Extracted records

========================================

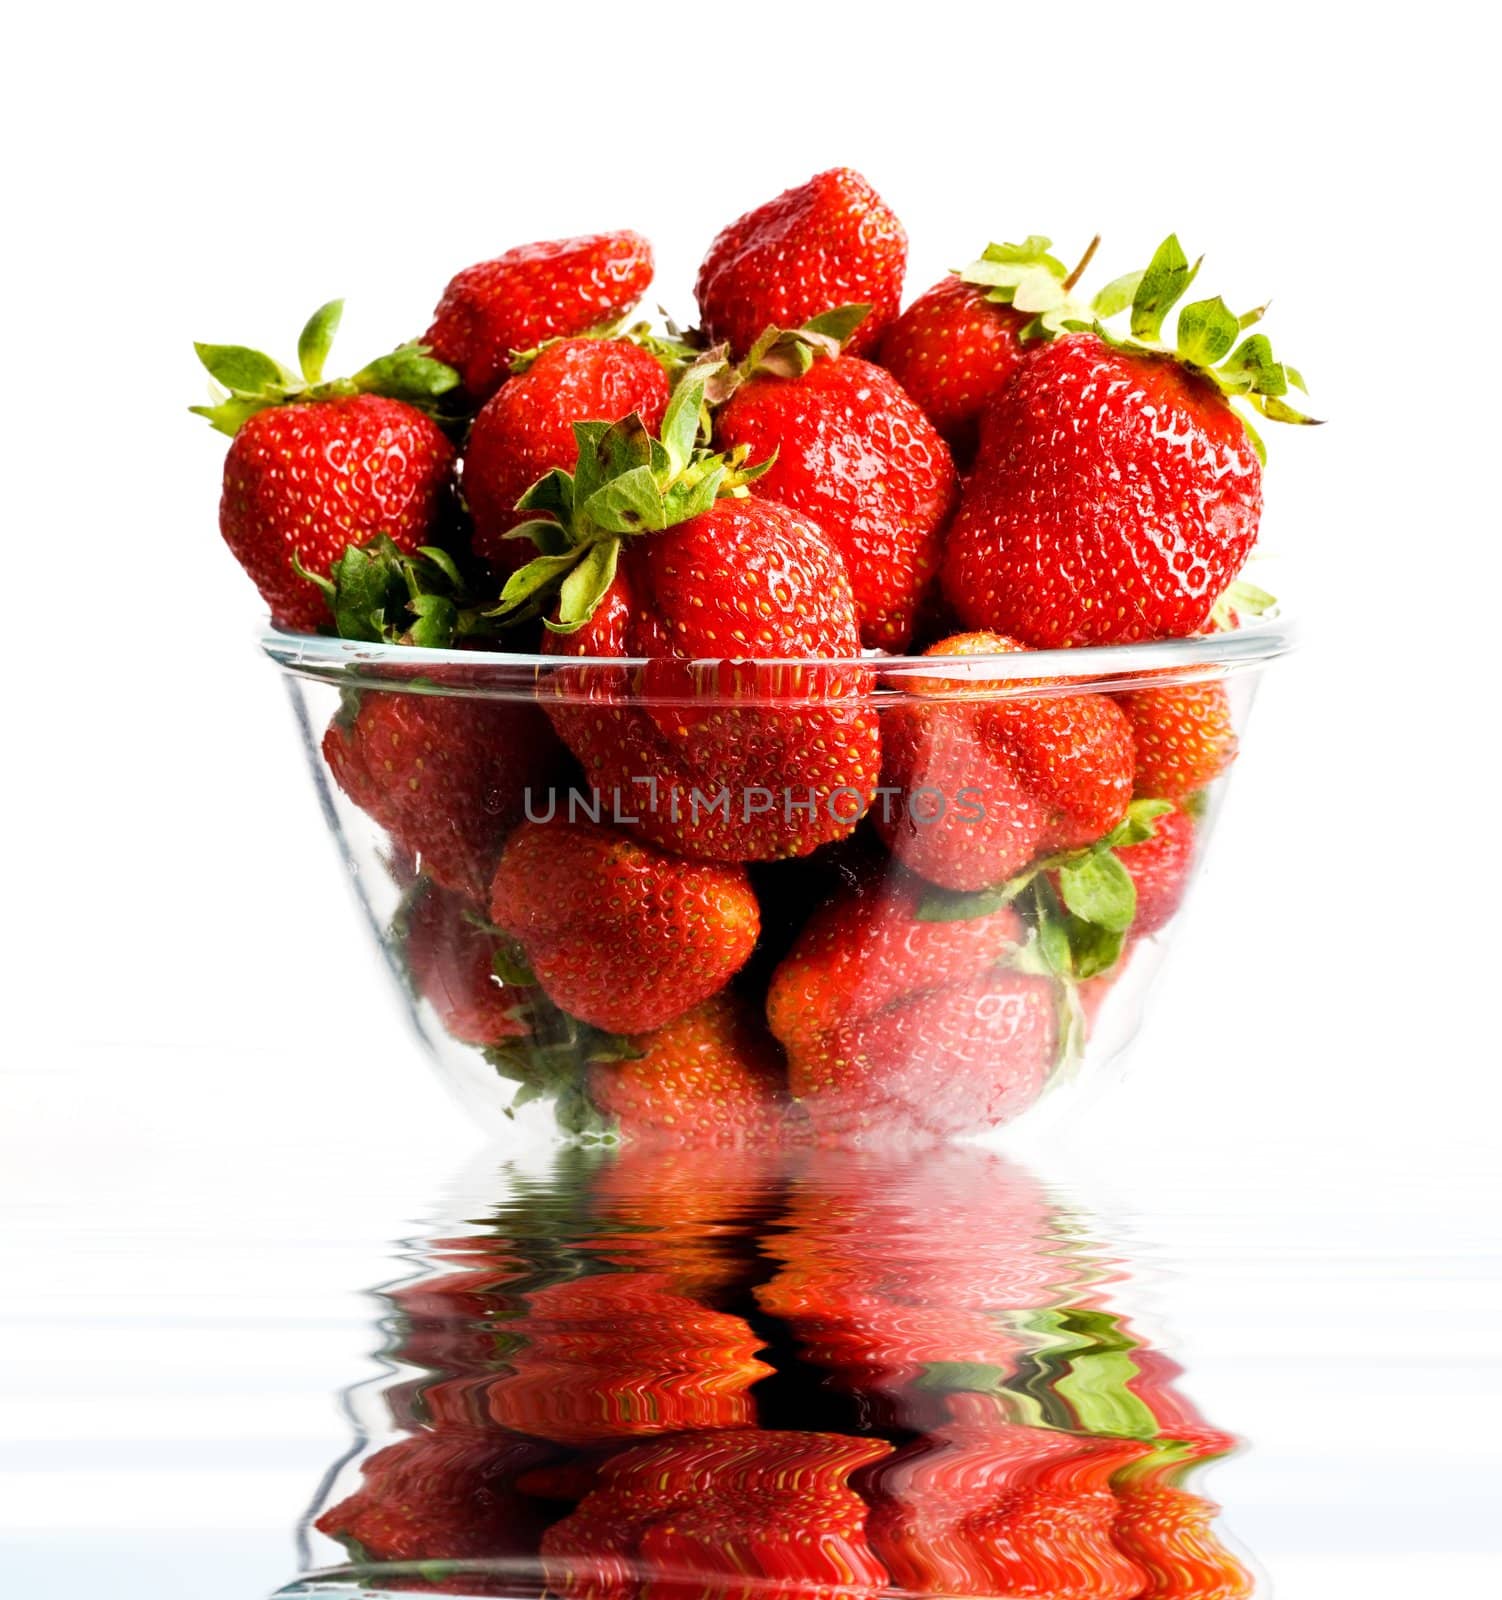 Red fresh strawberries in a glass. Reflection in water
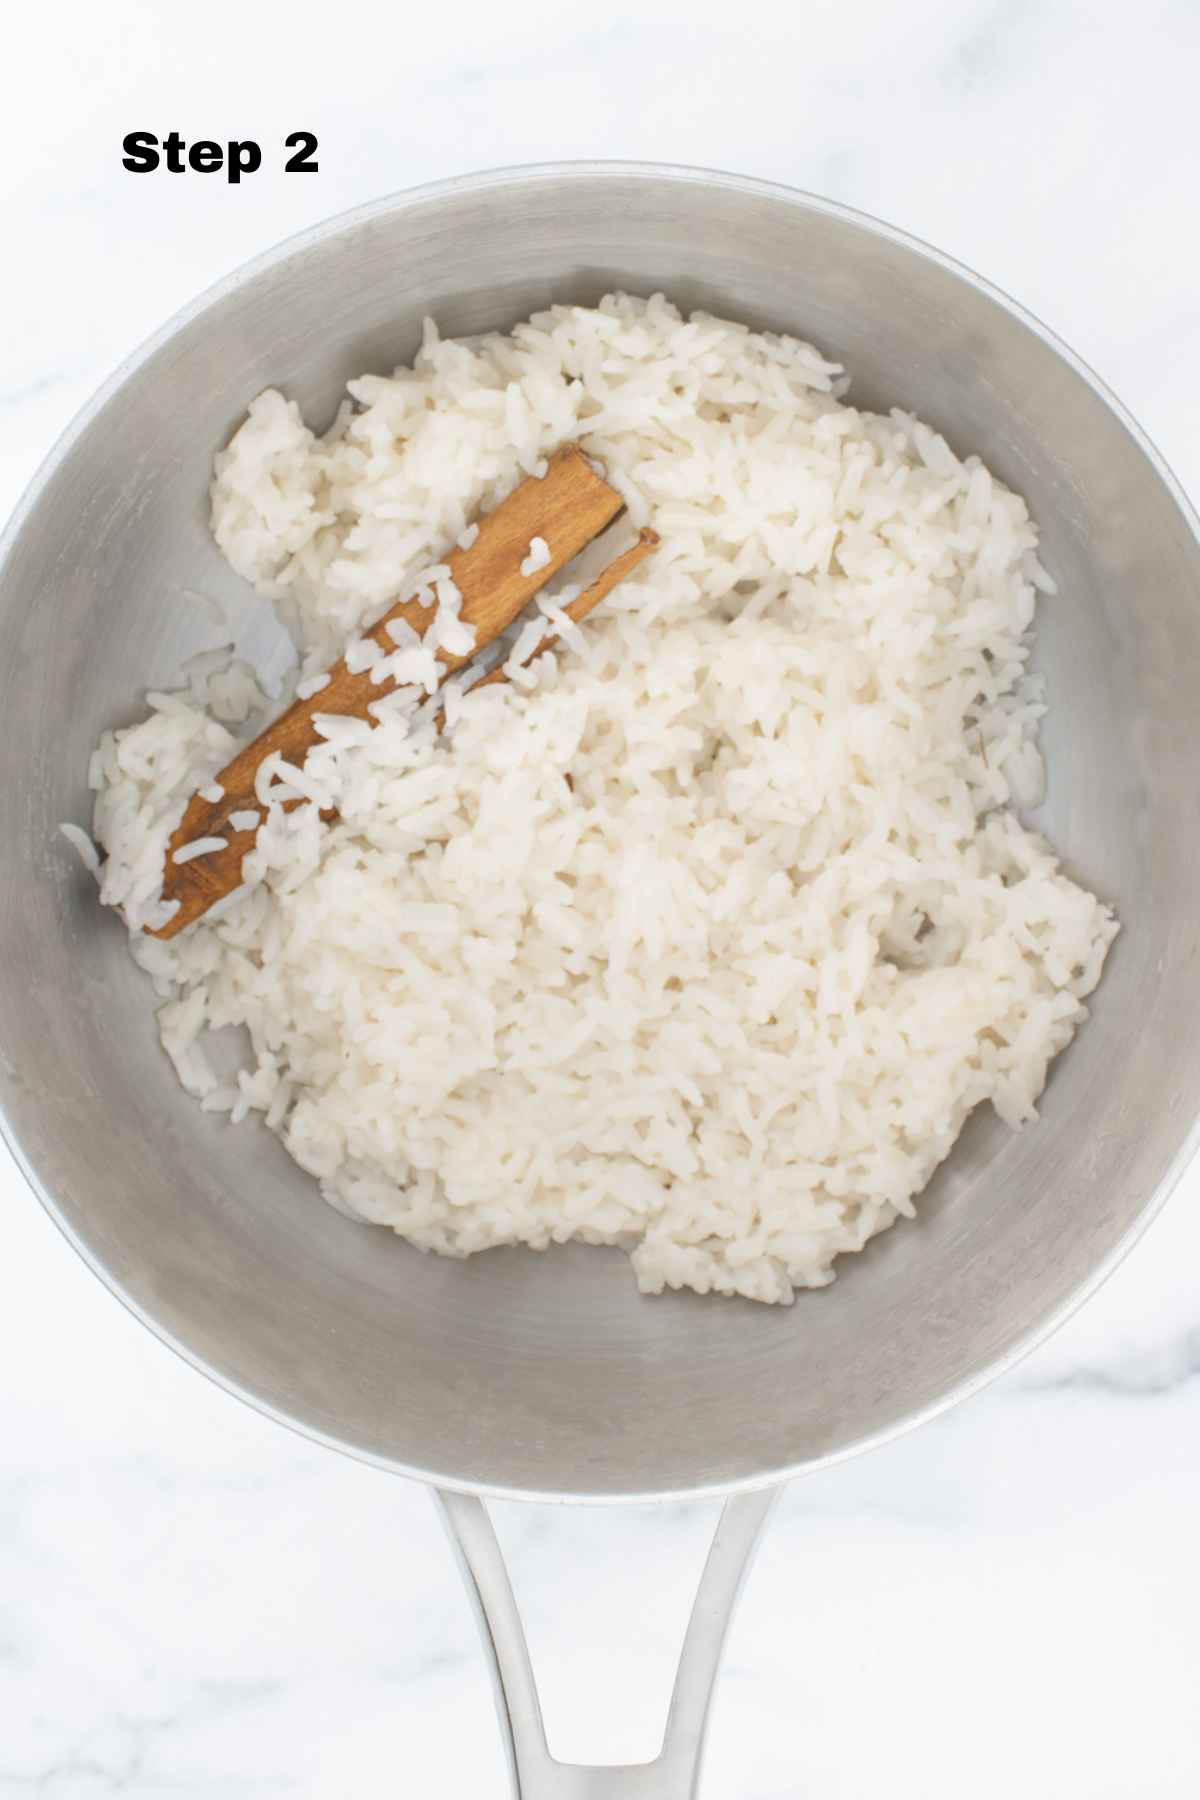 Cooked rice with cinnamon stick in cooking pot.
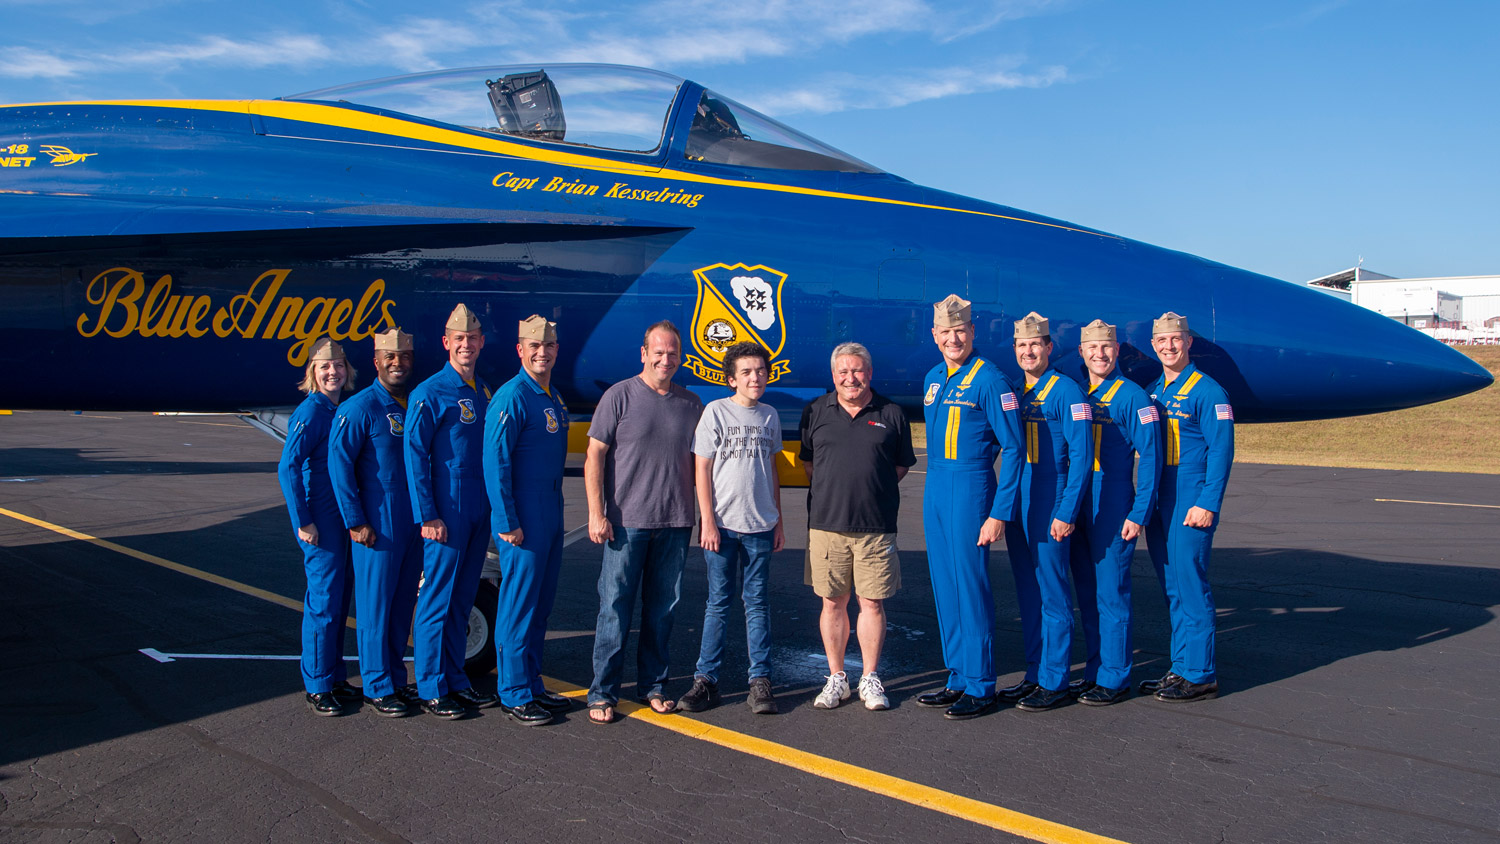 sound production service for the Blue Angels by Jay Rabbitt & ICP
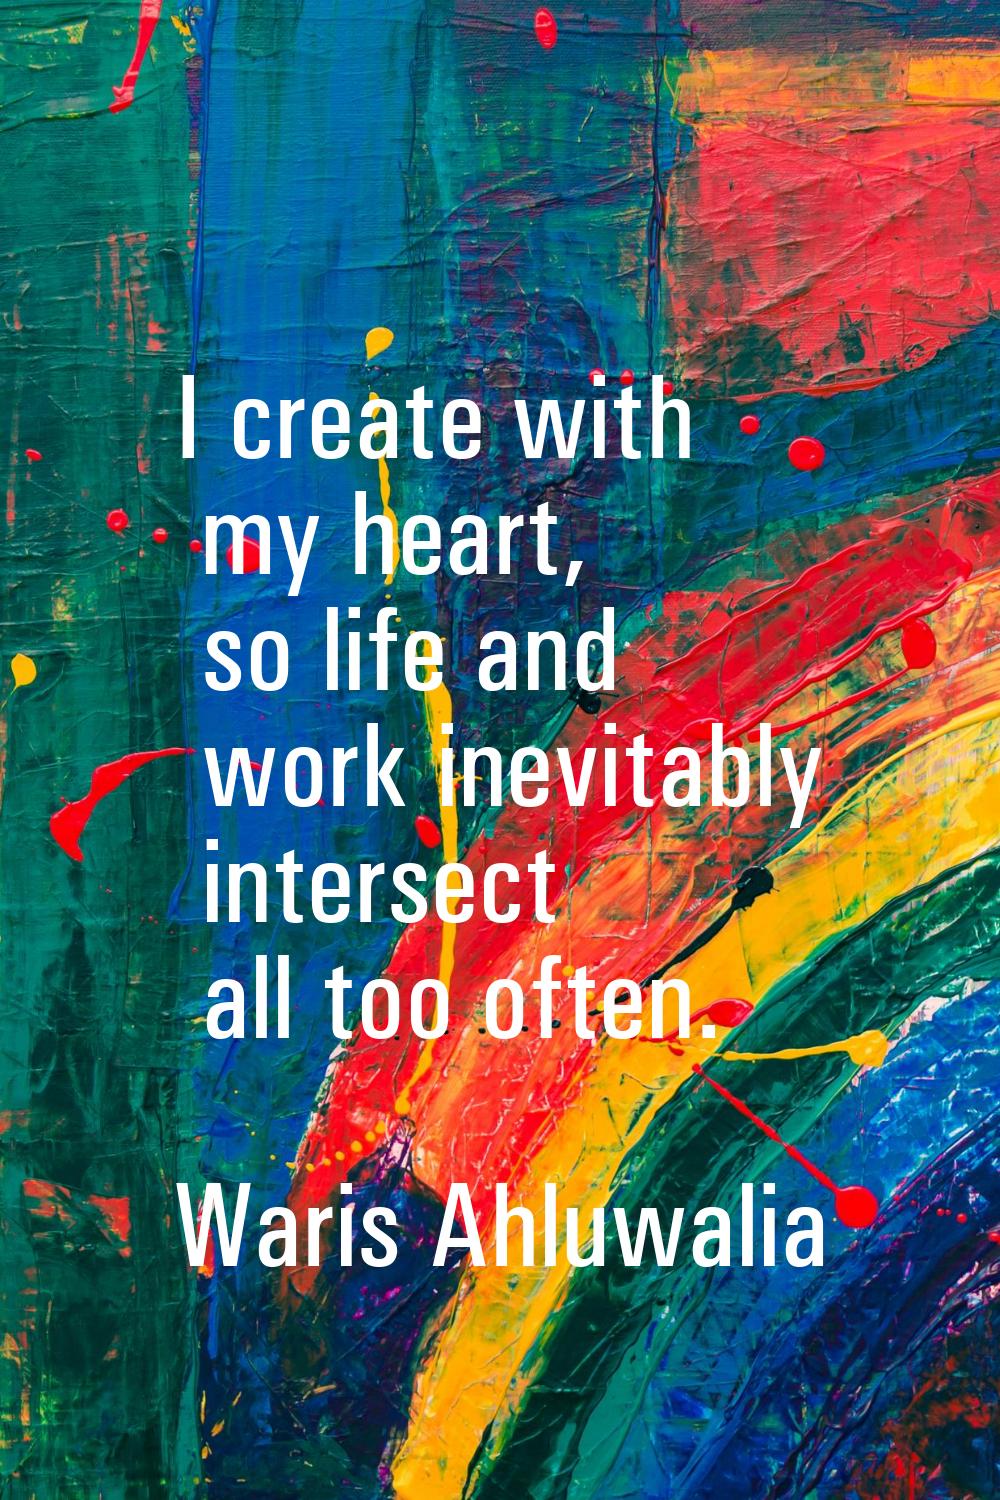 I create with my heart, so life and work inevitably intersect all too often.
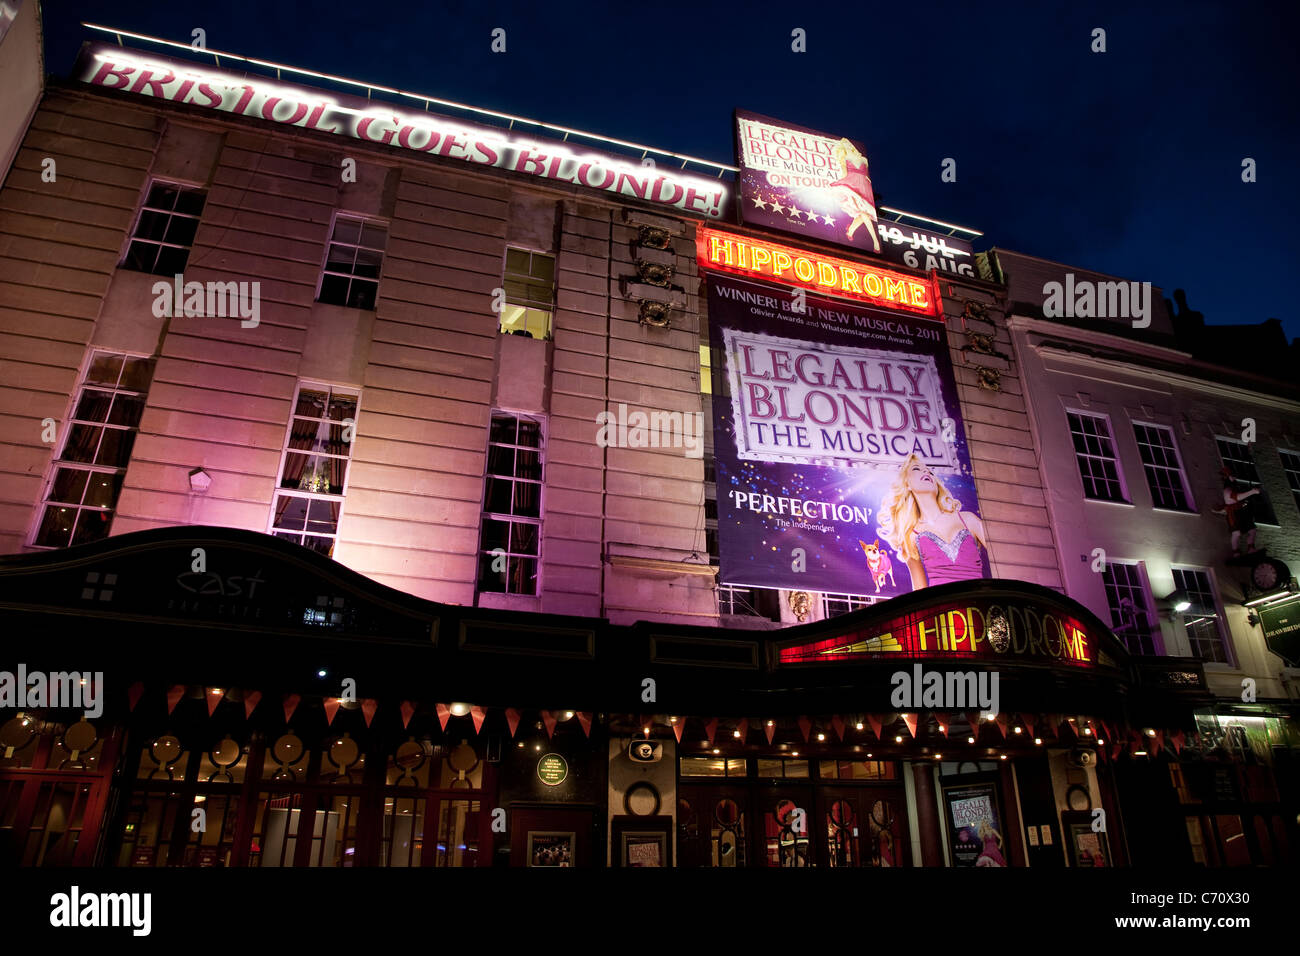 Legally Blonde at the Hippodrome Theatre in Bristol, England, UK Stock Photo

========================================

→ **TO DO**
Skip the pictures and reproduce all remaining entries exactly.

→ **SOLUTION TO THIS PROBLEM**
 Red fresh strawberries in a glass. Reflection in water
 Cooked rice with cinnamon stick in cooking pot.
 sound production service for the Blue Angels by Jay Rabbitt & ICP
 I create with my heart, so life and work inevitably intersect all too often.
 Legally Blonde at the Hippodrome Theatre in Bristol, England, UK Stock Photo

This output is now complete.